May. 25th, 2007

danalwyn: (Default)
So, I arrive at work at 7:30 this morning to sit in on an 8:00 meeting, only to find that the meeting has been canceled. For a graduate student, this is not a good way to start the day.

So, I could either get started on going nowhere (i.e., do work), or I could browse the internet.

As a result, I've spent the morning learning about Fan Death, death as a result of leaving an electric fan running all night while you sleep in an enclosed room. This phenomenon is very peculiar. For one thing, it happens only to Koreans. Despite numerous attempts at reproducing it by Japanese, Americans, Europeans, and yours truly, it appears that only Koreans can commit suicide by closing the window and turning on a fan.

In theory, fan death seems to work in one of two ways:
1) The electric fan lowers the temperature in the room enough that, while the victim is sleeping, their core temperature drops dramatically and they die of hypothermia.
2) The electric fan reduces the amount of oxygen in the air, or causes asphyxiation by exposing you to moving air.

I will give people who know science a minute to pick themselves off the floor.

Method one involves violating the laws of thermodynamics, which so far have been fairly reliable. And the effects would be quite noticeable. Being in cold air is unlikely to give you hypothermia. In fact, passing out drunk in a snowbank for a night is unlikely to give you a lethal case of hypothermia. Air, being a worse conductor of heat than snow, is very unlikely to kill you.

Method two involves either atomic processes - creating loose Oxygen radicals in the air, or extreme pressures. The first is unlikely, as the side effect would be a massive explosion whenever someone lit a cigarette near a fan. The second is also unlikely - people can breath just fine in wind speeds greater than those created by a fan, and when skydiving. It's also been rigorously tested, mostly by kids who enjoy speaking into fans to hear their voice vibrate.

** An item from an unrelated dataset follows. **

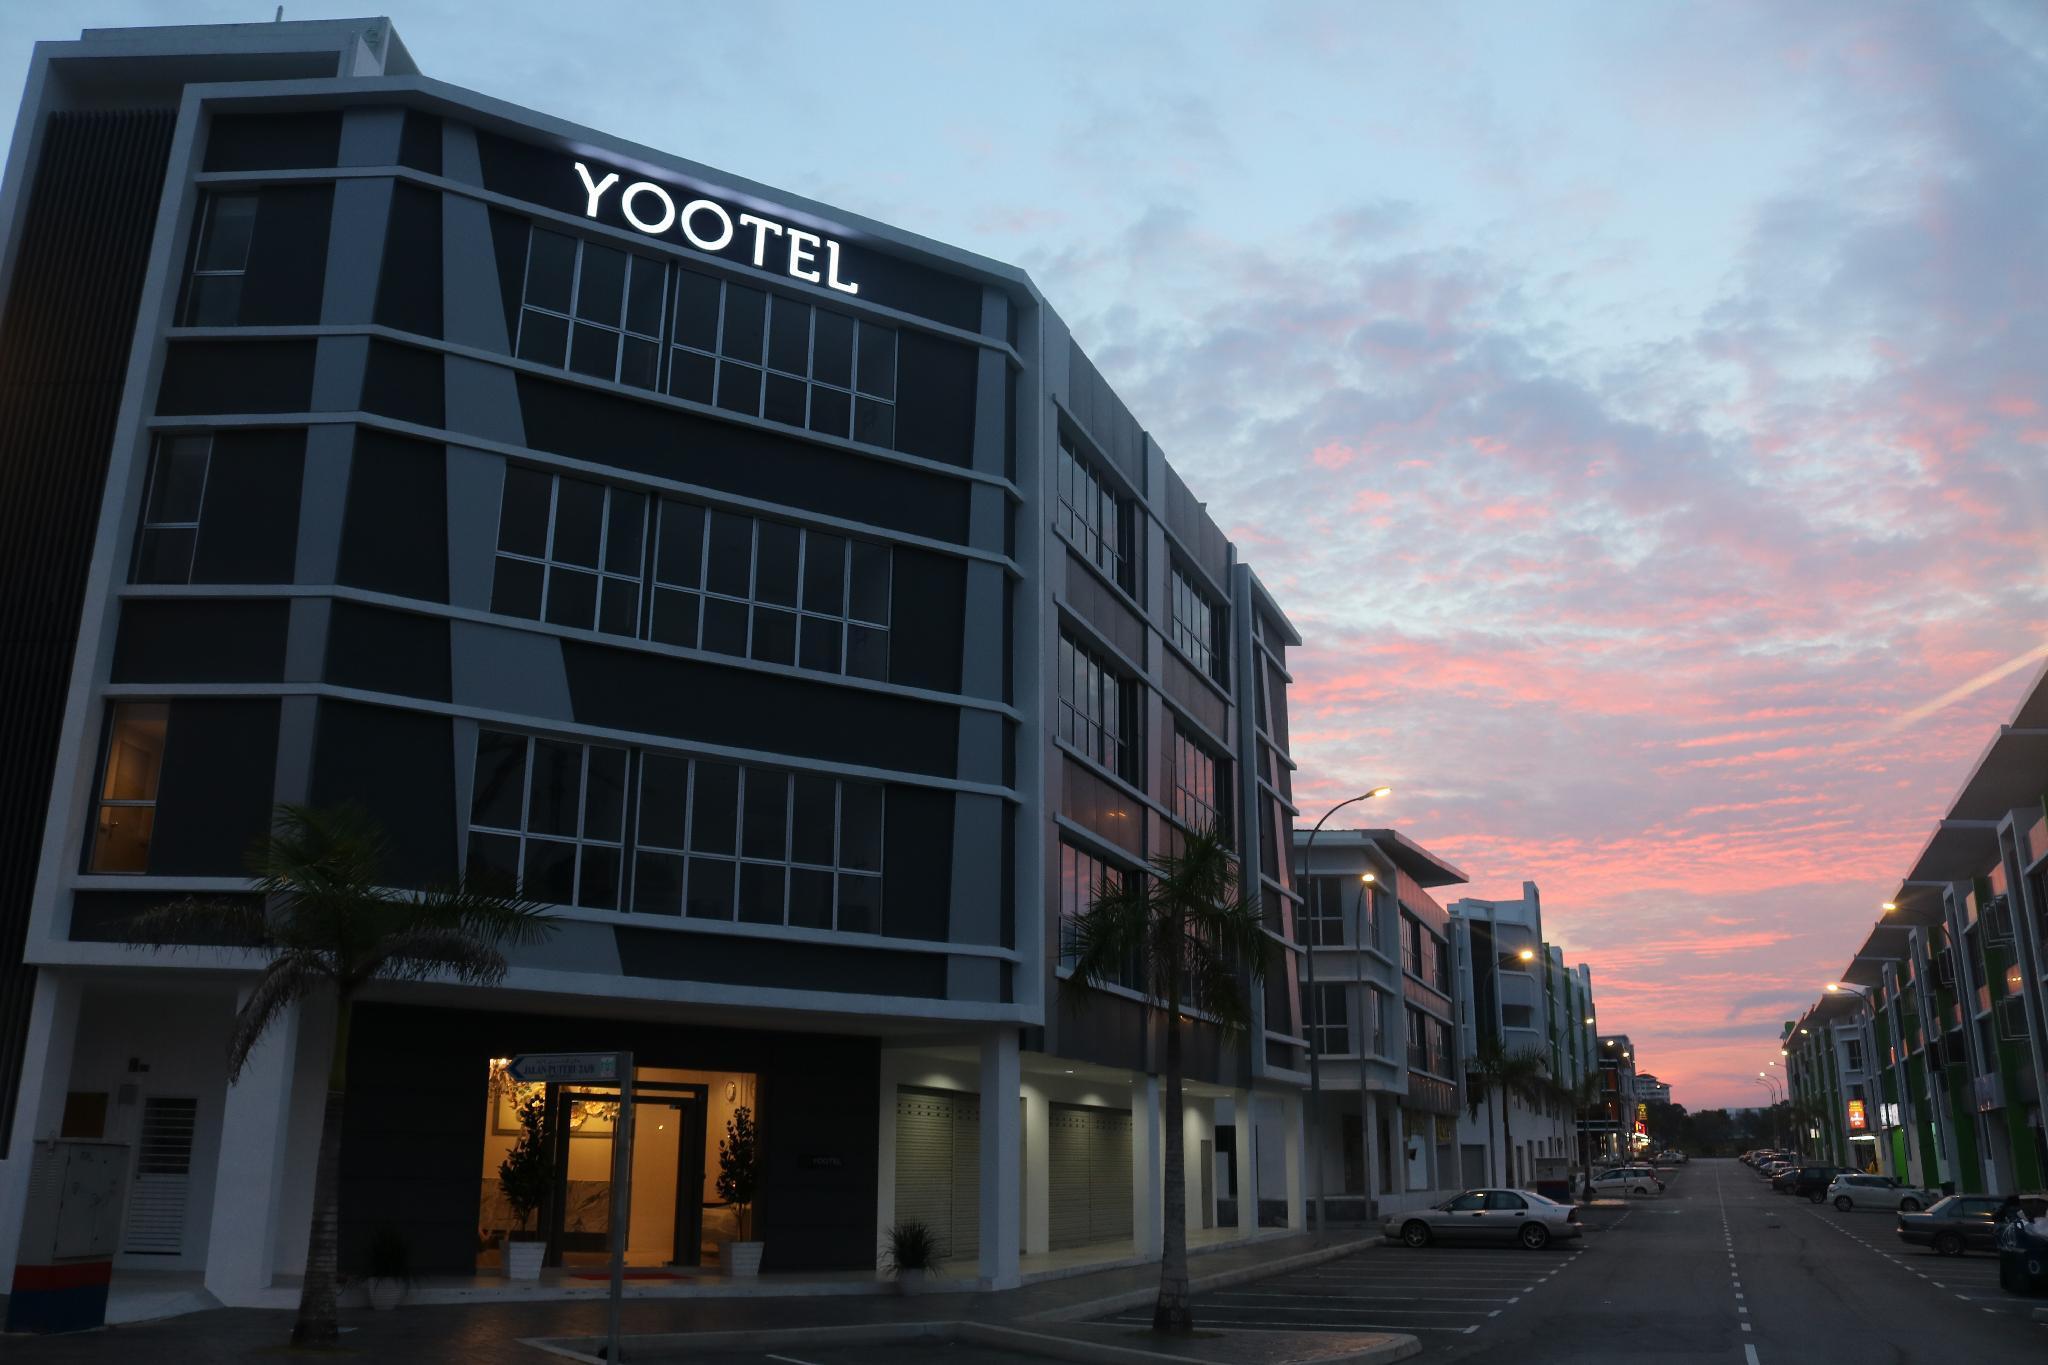 OYO 1191 Yootel Boutique Hotel, Hulu Langat

So that leaves the possibility that Korean physiology is so different from the rest of the world that, at night, they become cold-blooded, meaning that it is easy to suck the heat out of them with convection currents. Another possibility is that the Korean media uses the term "fan death" whenever they don't want to discuss the actual causes of death, as in the case of a potentially embarrassing suicide, but that's just crazy talk. The level to which this belief is widespread has not yet been independently ascertained, but rumors on the internet claim that it is very common among Koreans (and virtually unknown elsewhere).

All in all, I wonder what it's like to live in a country that believes things like that. It must be as weird as living in a country where people sometimes rename the 13th floor to avoid bad luck.

Goddammit.
danalwyn: (Default)
National Geographic reports that Mai Mai guerrillas have launched several attacks on ranger stations in Virunga National Park in the Democratic Republic of the Congo this week, killing one World Wildlife Fund worker and injuring several others.

To make a bad thing worse, they have threatened that any attempt by the rangers, or other government forces, to retaliate in this matter will result in them slaughtering the park's population of endangered mountain gorillas. The Mai Mai are apparently already famous for killing a great number of Virunga's hippo population both to make money and gain Western attention. Presumably, they feel that this is a logical extension of that policy.


There's low, there's despicable, and then there's this. I'm really hoping that the Congolese military has gotten good enough in the past few years to track these guys down.